Collected data entries:
^^^^

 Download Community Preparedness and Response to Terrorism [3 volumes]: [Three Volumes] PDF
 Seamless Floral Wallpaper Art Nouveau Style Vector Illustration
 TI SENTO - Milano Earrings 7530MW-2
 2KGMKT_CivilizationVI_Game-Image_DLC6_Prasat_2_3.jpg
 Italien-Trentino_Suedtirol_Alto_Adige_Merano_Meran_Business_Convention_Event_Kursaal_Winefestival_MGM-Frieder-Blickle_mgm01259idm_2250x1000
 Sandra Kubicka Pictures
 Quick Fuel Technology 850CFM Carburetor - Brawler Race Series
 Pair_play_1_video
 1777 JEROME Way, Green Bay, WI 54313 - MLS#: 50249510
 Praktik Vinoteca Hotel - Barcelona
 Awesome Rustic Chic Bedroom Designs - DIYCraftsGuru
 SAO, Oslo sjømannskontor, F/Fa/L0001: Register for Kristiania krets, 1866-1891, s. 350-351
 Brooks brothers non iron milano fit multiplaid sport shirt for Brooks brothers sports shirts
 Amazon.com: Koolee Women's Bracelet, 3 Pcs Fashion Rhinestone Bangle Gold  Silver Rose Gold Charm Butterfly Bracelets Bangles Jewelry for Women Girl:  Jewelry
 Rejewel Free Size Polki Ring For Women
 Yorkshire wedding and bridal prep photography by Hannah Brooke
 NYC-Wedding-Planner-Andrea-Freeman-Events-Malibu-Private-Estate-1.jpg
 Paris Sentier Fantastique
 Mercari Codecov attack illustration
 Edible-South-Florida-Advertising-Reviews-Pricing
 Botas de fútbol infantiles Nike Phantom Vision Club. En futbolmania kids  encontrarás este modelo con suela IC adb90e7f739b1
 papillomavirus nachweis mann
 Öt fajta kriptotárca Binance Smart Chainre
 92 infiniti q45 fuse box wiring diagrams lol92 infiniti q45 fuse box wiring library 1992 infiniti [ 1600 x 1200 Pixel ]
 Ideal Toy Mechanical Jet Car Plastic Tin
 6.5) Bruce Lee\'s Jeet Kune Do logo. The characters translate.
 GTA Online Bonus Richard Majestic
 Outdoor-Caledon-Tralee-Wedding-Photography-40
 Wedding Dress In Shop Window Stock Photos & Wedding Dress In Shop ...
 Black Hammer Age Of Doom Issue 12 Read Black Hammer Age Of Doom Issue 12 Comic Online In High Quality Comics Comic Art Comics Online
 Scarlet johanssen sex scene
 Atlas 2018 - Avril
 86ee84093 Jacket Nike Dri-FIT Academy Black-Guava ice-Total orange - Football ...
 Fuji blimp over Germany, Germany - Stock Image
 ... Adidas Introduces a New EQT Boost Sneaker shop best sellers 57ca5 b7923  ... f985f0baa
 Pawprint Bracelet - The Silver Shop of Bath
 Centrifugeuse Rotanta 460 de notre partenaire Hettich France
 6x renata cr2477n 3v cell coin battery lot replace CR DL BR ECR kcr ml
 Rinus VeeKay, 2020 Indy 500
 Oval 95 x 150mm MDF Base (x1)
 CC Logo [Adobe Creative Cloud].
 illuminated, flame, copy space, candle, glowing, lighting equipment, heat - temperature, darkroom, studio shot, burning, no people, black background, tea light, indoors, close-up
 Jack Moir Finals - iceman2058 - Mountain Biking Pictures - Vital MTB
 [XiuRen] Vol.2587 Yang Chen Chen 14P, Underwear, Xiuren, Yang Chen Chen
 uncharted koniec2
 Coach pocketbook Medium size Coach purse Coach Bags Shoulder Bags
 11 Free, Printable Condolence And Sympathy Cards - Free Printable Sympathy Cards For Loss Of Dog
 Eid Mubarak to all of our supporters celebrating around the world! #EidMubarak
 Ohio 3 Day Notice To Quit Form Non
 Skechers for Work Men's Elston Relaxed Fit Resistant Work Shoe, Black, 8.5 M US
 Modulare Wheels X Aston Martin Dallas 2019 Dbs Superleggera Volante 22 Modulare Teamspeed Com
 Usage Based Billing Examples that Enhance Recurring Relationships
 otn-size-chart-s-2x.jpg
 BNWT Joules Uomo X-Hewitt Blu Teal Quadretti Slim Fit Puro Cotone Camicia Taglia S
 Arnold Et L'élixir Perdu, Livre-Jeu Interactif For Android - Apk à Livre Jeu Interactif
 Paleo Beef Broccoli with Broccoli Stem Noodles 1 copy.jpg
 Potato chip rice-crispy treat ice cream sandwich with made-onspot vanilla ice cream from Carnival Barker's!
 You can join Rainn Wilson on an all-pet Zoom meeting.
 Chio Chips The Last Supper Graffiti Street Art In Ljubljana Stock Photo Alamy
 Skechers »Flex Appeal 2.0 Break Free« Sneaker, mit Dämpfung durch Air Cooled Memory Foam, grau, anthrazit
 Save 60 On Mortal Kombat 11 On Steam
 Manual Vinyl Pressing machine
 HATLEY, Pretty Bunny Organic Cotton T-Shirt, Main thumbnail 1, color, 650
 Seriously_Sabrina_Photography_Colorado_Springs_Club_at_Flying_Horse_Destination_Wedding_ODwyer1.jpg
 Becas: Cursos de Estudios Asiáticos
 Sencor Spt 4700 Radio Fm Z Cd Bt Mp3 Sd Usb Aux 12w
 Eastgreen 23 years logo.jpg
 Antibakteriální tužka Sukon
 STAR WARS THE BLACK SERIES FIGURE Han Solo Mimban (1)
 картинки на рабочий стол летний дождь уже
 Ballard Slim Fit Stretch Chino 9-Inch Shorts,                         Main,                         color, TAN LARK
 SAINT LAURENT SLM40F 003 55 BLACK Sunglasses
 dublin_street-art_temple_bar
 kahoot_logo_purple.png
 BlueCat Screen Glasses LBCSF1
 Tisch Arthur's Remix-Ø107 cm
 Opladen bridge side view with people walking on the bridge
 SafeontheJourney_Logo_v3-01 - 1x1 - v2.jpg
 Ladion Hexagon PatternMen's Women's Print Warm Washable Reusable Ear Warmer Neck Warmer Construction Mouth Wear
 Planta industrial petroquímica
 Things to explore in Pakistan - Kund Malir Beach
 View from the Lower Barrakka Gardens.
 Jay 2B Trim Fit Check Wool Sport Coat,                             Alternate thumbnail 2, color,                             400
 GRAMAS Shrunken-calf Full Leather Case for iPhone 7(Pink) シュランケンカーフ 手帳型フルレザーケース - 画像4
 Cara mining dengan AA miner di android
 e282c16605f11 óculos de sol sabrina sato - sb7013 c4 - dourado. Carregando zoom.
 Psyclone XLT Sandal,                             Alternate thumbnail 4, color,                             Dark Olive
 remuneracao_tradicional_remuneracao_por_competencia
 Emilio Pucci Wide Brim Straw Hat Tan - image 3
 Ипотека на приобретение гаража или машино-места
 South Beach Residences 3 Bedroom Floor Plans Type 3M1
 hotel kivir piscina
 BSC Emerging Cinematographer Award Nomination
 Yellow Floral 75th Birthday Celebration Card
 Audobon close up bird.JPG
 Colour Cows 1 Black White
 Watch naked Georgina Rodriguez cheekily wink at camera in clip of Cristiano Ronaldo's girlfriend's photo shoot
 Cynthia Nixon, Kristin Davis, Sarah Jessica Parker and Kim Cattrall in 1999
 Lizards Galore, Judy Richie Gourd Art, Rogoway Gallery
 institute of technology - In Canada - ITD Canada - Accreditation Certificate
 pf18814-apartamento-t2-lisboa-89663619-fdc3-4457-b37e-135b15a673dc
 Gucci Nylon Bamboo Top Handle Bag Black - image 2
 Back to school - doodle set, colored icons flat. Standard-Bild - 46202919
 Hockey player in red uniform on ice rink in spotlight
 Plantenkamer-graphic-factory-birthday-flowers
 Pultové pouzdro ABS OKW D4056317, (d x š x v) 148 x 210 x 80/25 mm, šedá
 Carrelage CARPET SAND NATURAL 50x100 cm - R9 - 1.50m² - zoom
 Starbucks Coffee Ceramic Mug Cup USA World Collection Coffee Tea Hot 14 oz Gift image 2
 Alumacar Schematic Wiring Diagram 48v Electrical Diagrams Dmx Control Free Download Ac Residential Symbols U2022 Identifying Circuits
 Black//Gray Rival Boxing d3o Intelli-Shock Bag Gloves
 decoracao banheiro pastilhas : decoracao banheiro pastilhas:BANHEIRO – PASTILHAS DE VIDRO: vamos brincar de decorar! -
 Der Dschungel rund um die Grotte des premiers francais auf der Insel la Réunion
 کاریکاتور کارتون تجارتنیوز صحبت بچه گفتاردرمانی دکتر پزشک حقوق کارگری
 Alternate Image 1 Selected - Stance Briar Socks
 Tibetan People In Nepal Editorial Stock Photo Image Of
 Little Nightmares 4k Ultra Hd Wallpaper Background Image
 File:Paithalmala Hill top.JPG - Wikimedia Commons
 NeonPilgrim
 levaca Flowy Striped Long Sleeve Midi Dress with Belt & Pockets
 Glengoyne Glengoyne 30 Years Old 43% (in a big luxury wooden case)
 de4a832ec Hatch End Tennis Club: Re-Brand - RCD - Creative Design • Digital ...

^^^^

Instructions for the task:
Which lines above run from the one containing "Ohio 3 Day Notice To Quit Form Non" down to the one containing "BNWT Joules Uomo"? Repeat exactly those, both ends included, and nothing else.

Solution:
 Ohio 3 Day Notice To Quit Form Non
 Skechers for Work Men's Elston Relaxed Fit Resistant Work Shoe, Black, 8.5 M US
 Modulare Wheels X Aston Martin Dallas 2019 Dbs Superleggera Volante 22 Modulare Teamspeed Com
 Usage Based Billing Examples that Enhance Recurring Relationships
 otn-size-chart-s-2x.jpg
 BNWT Joules Uomo X-Hewitt Blu Teal Quadretti Slim Fit Puro Cotone Camicia Taglia S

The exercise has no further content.